Due to the weakening administration of the Eastern Ganga dynasty, Kapilendra Deva ascended the throne with internal support while the last ruler of the dynasty, Bhanu Deva IV was on a military expedition in the southern territories. He was declared as the new Monarch with a Rajyabhisheka ceremony at Bhubaneswar. Since the ascension was through a coup or rebellion, some vassal kings from Odisha such as Matsarvamshi of Oddadi, Shilavamshis of Nandapur, and Bishnukundina of Panchadhara refused to acknowledge his authority and declared themselves independent. Around the same time, the Sultanate of Jaunpur also posed an external threat to his realm. He appointed his able minister Gopinath Mahapatra to deal with the Jaunpur threat, which he successfully executed, and Kapilendra Deva himself suppressed the internal rebels with force.
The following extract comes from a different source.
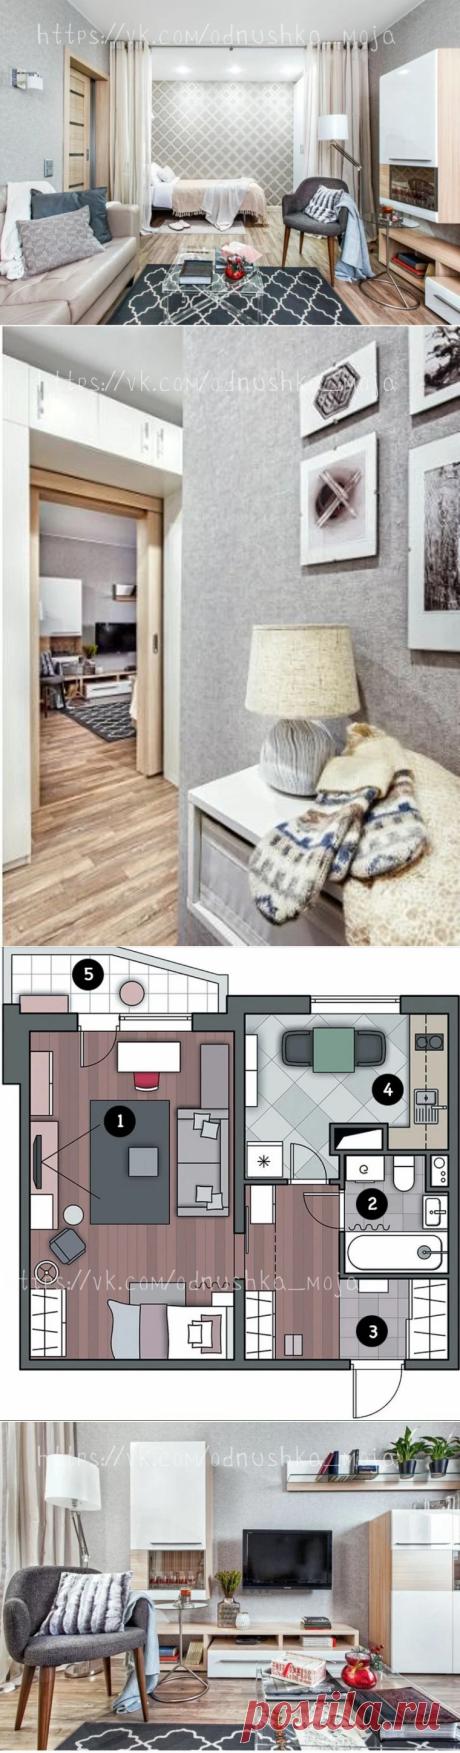 Уютность этой квартиры поражает. Интерьер однушки площадью 37 кв. м. Очень красиво, функционально и просторно.   Мамин дизайнер   Яндекс Дзен

The rebels were suppressed by the year 1440 CE. The rebellious troubles that he dealt with by force are proven by his Lingaraj Temple declaration in which he ordered the rebels to accept his rule or be toppled from power.

=== Coronation ===
The chronicle Madala Panji detailed the event of Kapilendra Deva's coronation as Gajapati of the realm succeeding Bhanu Deva IV, the last ruler of the Eastern Gangas. It mentioned that the coronation took place at Bhubaneswar on 2 kākara śukḷa 4 aṅka 2. The date with respect to the Odia calendar corresponds to the Gregorian calendar on 29 June 1435. Thus with the coronation of Kapilendra Deva as the Gajapati of the Odradesa realm, he started his era known as Kapilabda and laid the foundation of the Suryavamsa dynasty.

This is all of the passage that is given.